Wisconsin requests state Supreme Court reject ‘Making a Murderer’ star Steven Avery’s latest appeal

The state of Wisconsin has said the latest appeal made by Steven Avery, the man at the center of Netflix’s wildly popular “Making a Murderer” docuseries, should be denied.

Avery and his 31-year-old nephew, Brendan Dassey, are currently serving life sentences for the murder of Theresa Halbach. The young photographer vanished Oct. 31, 2005 shortly after a visit to Avery’s home, where she snapped images of a car he intended to sell. Authorities later discovered 25-year-old Halbach’s Toyota RAV4 hidden among the junked vehicles in a salvage yard not far from Avery’s home.

Her charred remains were later discovered in a fire pit on the property and Avery’s DNA was found inside the Toyota.

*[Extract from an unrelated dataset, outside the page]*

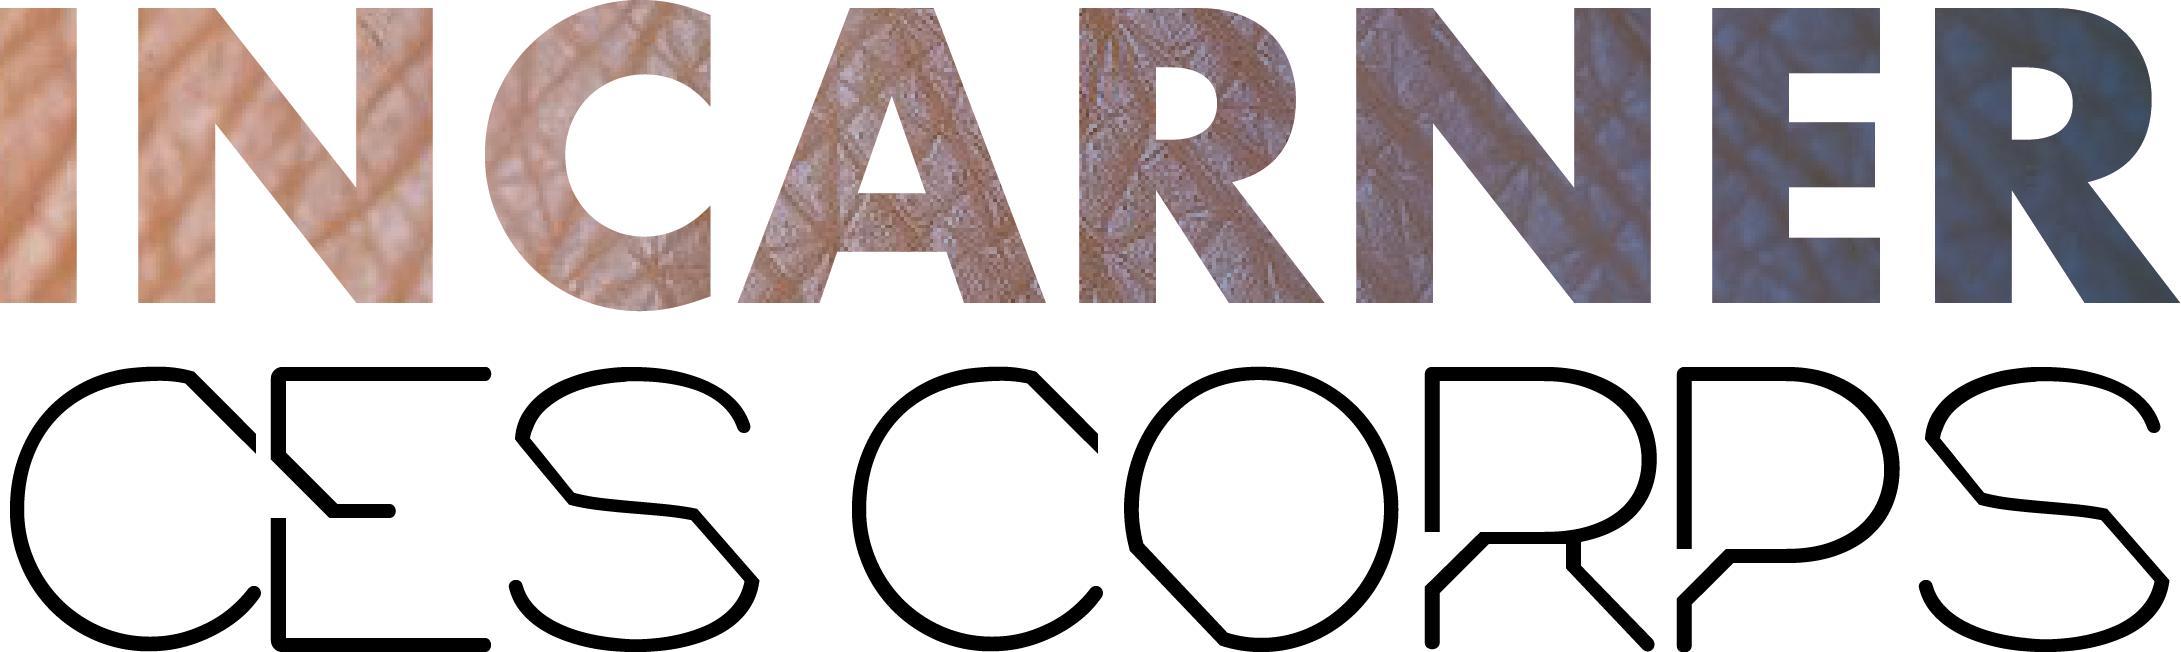 Incarner_ces_corps

Avery and Dassey have long maintained their innocence in the case, which was thrust back into the spotlight with the premiere of “Making a Murderer” in 2015. The hit Netflix series explored theories that authorities’ key suspect and his nephew were set up for Halbach’s murder.

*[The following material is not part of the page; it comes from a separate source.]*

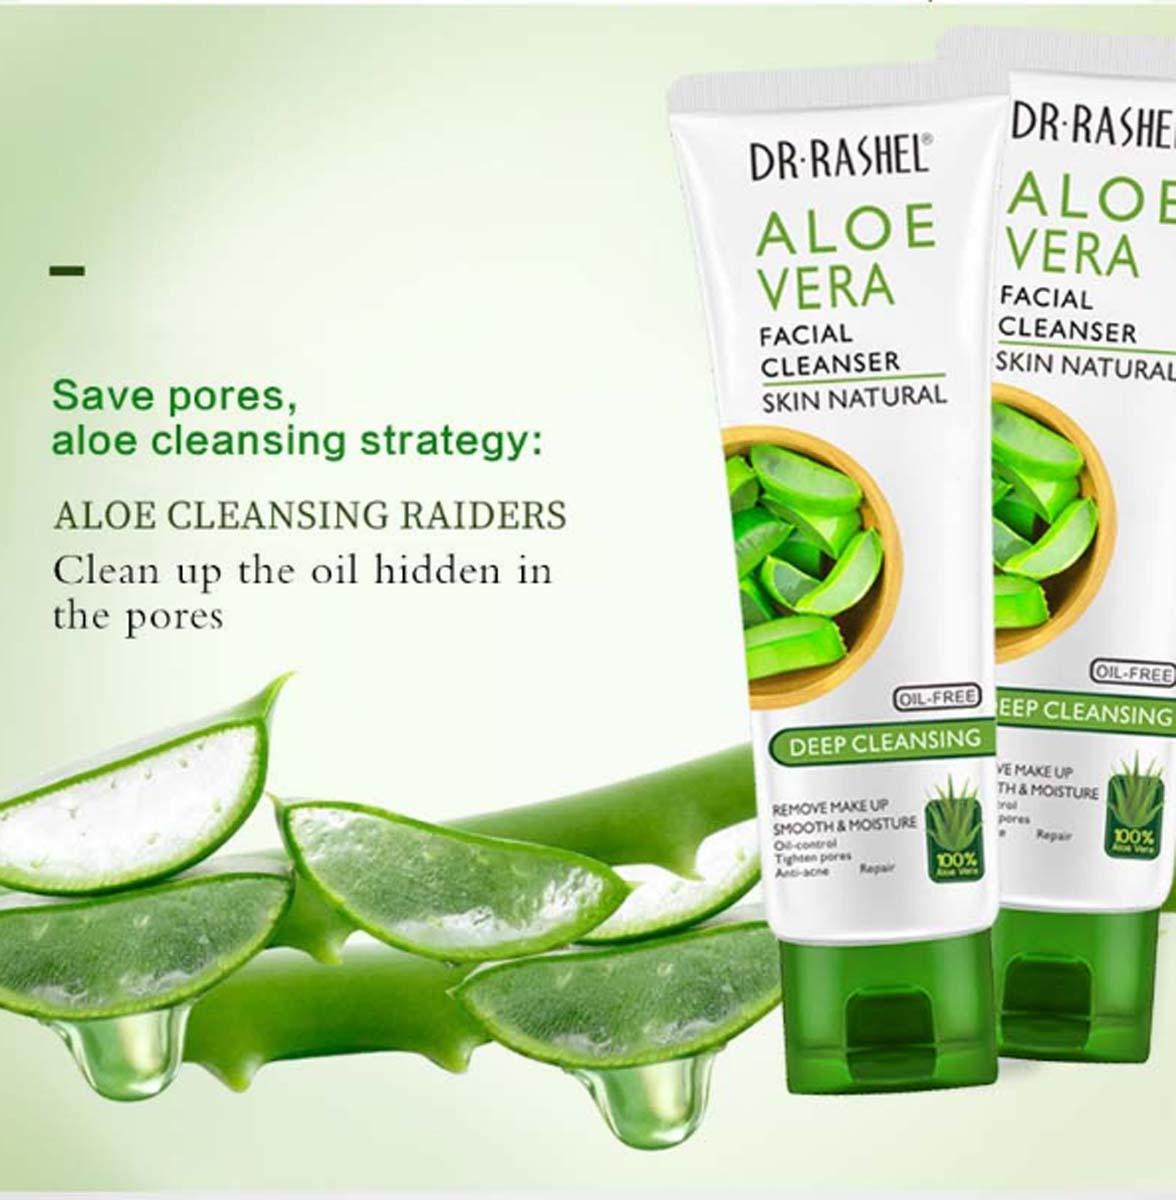 DR.RASHEL Makeup Remover Aloe vera soothing & moisturizing gel Face Wash  Whitening Fade Dark Spot Cleanser DRL 1530: Buy Online at Best Prices in  Pakistan | Daraz.pk

Avery in August filed a petition with the state’s Supreme Court, requesting the panel review three key issues that should warrant a new trial in the high-profile case, his lawyers have said. It argues that Avery received ineffective counsel at his 2007 trial, that prosecutors destroyed evidence in “bad faith,” in addition to withholding a police report allegedly containing forensic evidence favorable to him, which is called a Brady violation.

In their response, filed on Wednesday, Attorney General Josh Kaul and Assistant Attorney General Lisa Kumfer, requested the state Supreme Court reject the appeal.

“As he has done throughout this proceeding, in his petition, Steven Avery has egregiously misrepresented the record (as the court of the appeals has repeatedly noted), the law, the lower courts’ opinions, and even his own arguments,” it reads.

The fact that Avery “misrepresented the facts is immaterial to deciding his Brady and ineffectiveness claims. We point them out because of the high-profile nature of this case . . . and the resulting need, where misrepresentations are particularly egregious, to note where Avery’s arguments wholly stray from the facts.”